Tuesday, 20 November 2012

Two southern provinces and their clergy...

A little while ago the Church of England just failed to pass a measure that (as its principal function) would have allowed women to become bishops in that church (the Anglican provinces of York and Canterbury).  It was nail-bitingly close, and one of the houses just didn't quite make the 2/3 majority needed.

Why care? As a Scottish Episcopal priest, it won't affect life.  We are allowed women bishops up here already.  At that point the complacency ends.  We haven't had one, although there have been attempts (we vote for bishops up here). Staggeringly few women are even in the few senior posts in the church, the deans and the provosts.  Only ever 2 female provosts and one female dean.  Not a particularly good track record.  But it takes years for a change to flow through a church, especially one that is contentious from a theological or traditional view.

I was ordained in England, and have many, many friends in ministry there.  Some of them are wrapped up in the campaign for women's episcopal ministry.  They will be hurting very much this evening.

But the vote was much more subtle than just the straightforward issue of gender justice, as Kelvin points out. The continued issue of maintaining a sanctuary for traditionalists who don't wish to accept the ministry of women bishops has also been rejected.  That was a live issue when I was still in the C of E, and I found myself taking a rather hardline against any compromise, and signing petitions etc. against such measures.  Go and see how green the grass of non-conformism or the ordinariate actually is, I muttered.
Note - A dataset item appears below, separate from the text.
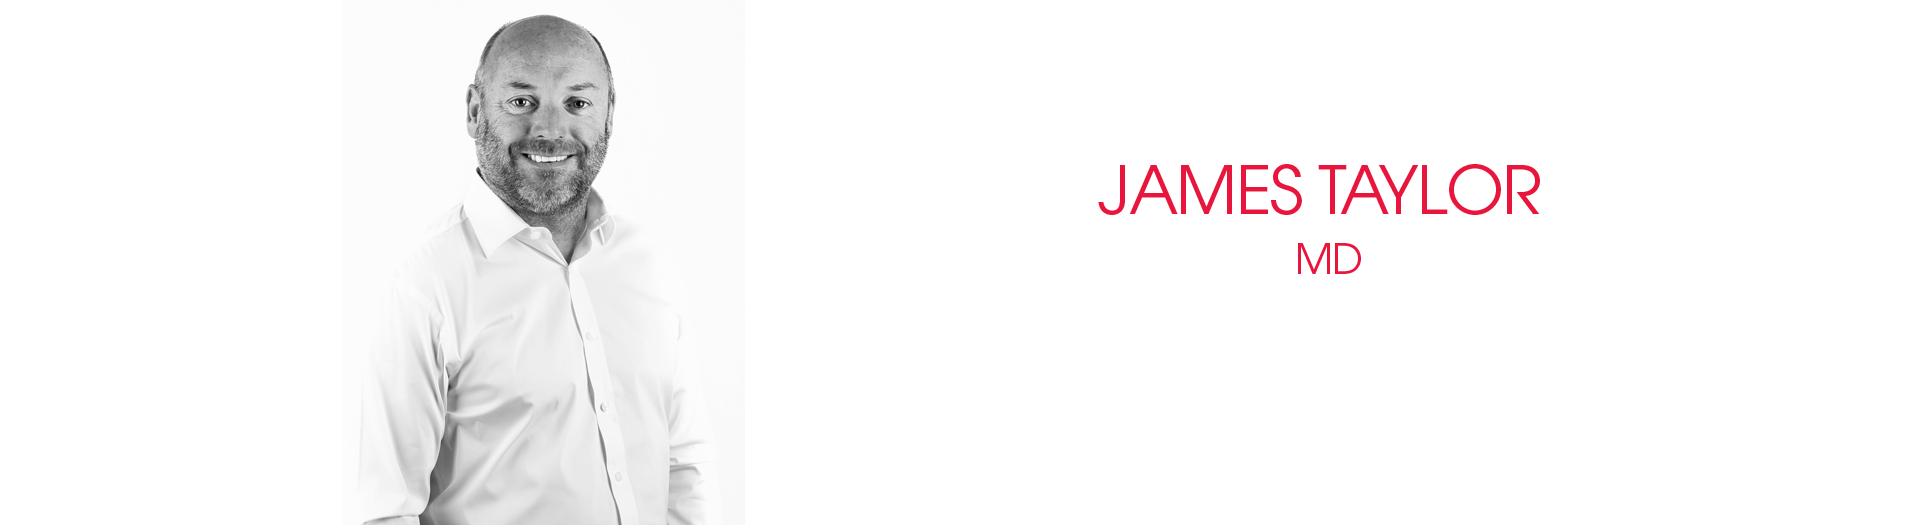 James Taylor MD

But how pyrrhic a victory is rejecting compromise at the expense of delaying female bishops for further years?  It is a hard, hard place that many English clergy will find themselves tomorrow morning.  Many of them have tweeted 'Ashamed to be Anglican,' and rather than pedantically correcting them, I share some sympathy.

Our house in Scotland is equally not in order from a gender justice point of view: no sanctuary for traditionalists, a canonical structure that allows female bishops: and we have still not made it...
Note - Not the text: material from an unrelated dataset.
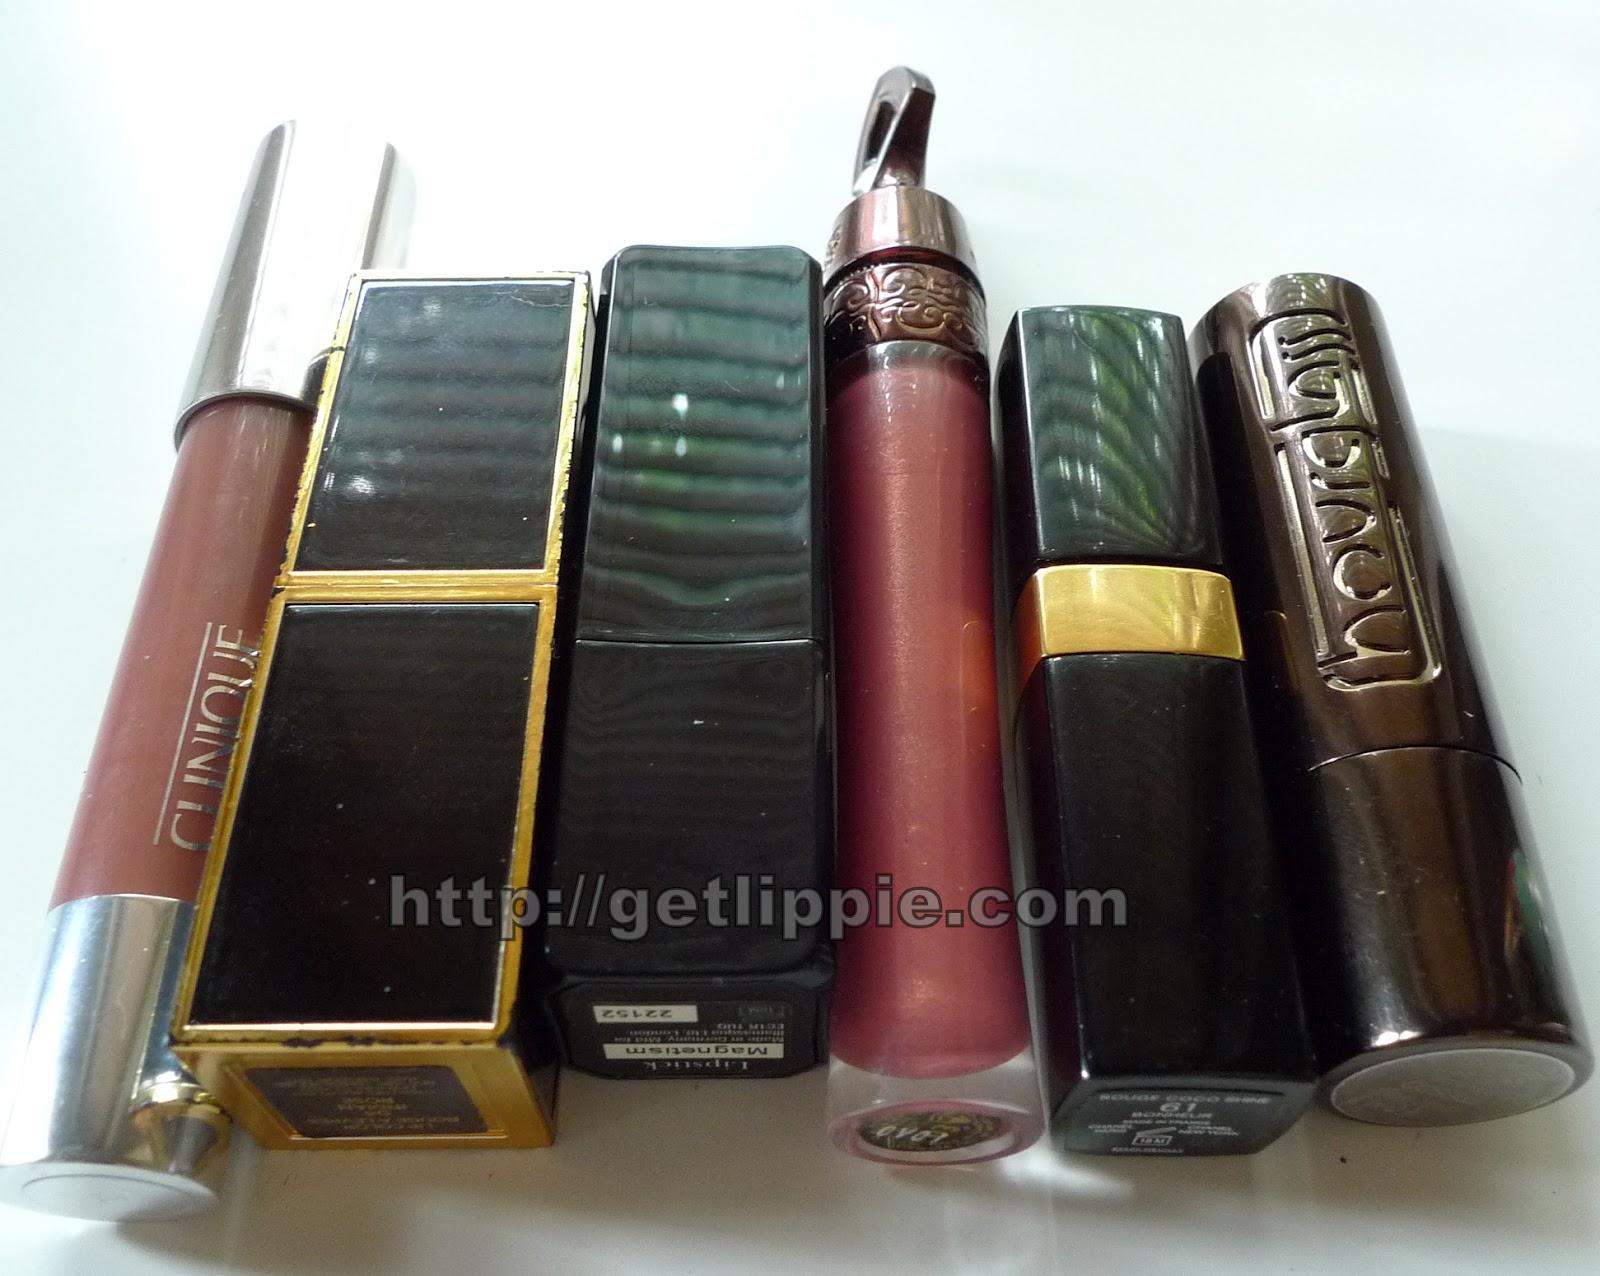 Http Www Clinique Com Product   Makeup Mascara Naturally Glossy Mascara

And as for the issue of some other moratoria.  We'll let that lie for the moment.

Thursday, 13 September 2012

Diaspora memories captured...

I love the fact that people make pilgrimages to our churches - two sets of families in the past week, one to Bute (grandfather married and lived there) one to Dunoon (grandparents buried there).  They are usually people from England who have emigrated south with family/work/wars.  But they come up, often on a coach trip, to visit these important places of family pilgrimage.
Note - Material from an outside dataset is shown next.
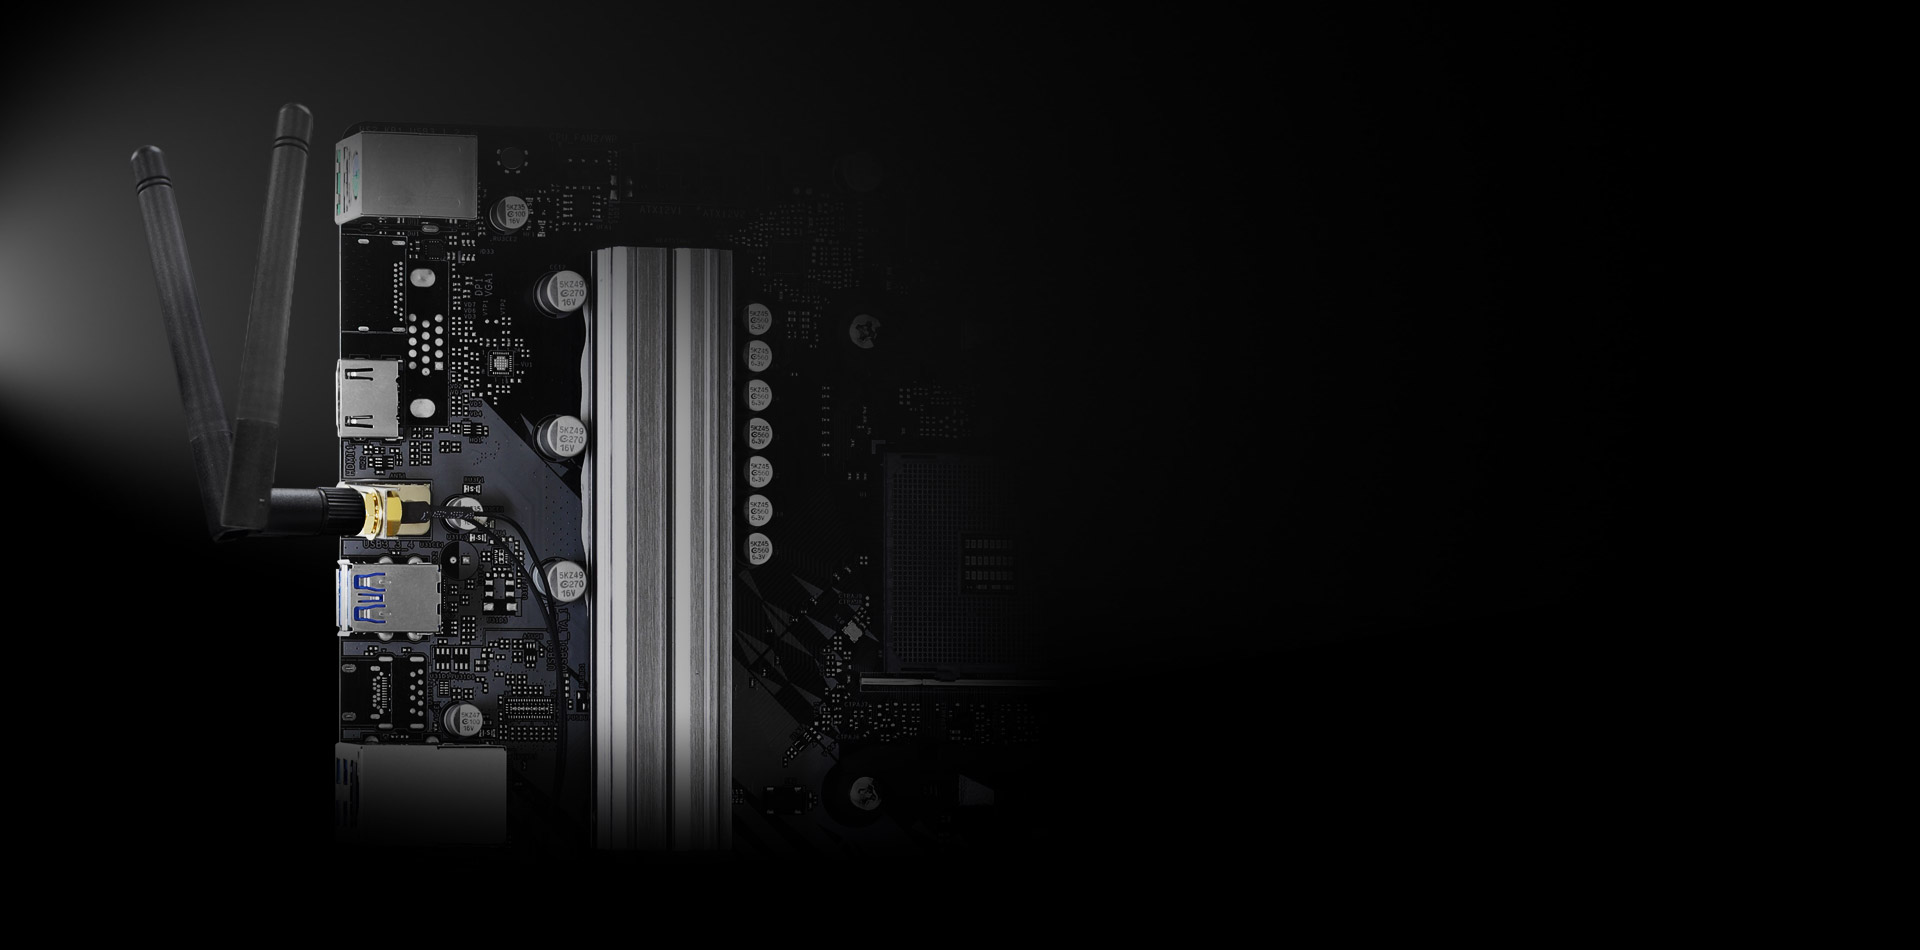 WiFi-IntelDualBand of the motherboard

The Bute visitors were there for the third time - second time during my stay here.  I'd spoken to them on the phone last year, but met them in the flesh for the first time.  They left a home-made book about their grandfather (Thomas Wilson), his life, death (falling from a gang plank in a new Zealand harbour in 1954), their journey, health and encounter with Bute. I blessed them and there were lots of tears.

The Dunoon visitors turned up while I was pottering about. moving boxes into church.  Flora Fraser (nee McAllister) had put up a plaque in memory of her husband John, killed in 1918 when his ship, HMS Montague, collided with the USS Manley off Ireland (Google said all that, not the gravestone).  29 years later she died, and was buried in the same lair (what they call a plot in Scotland) - beside her brother Samuel's lair, near the door of the church.  Her family were at the burial, and this was who was visiting.  Daughter & son from England, and son from Canada, over for the first time in decades, plus several partners and grown up children.  They had a look at the register with the record of Flora's burial - we didn't get round to Samuel's marriage etc.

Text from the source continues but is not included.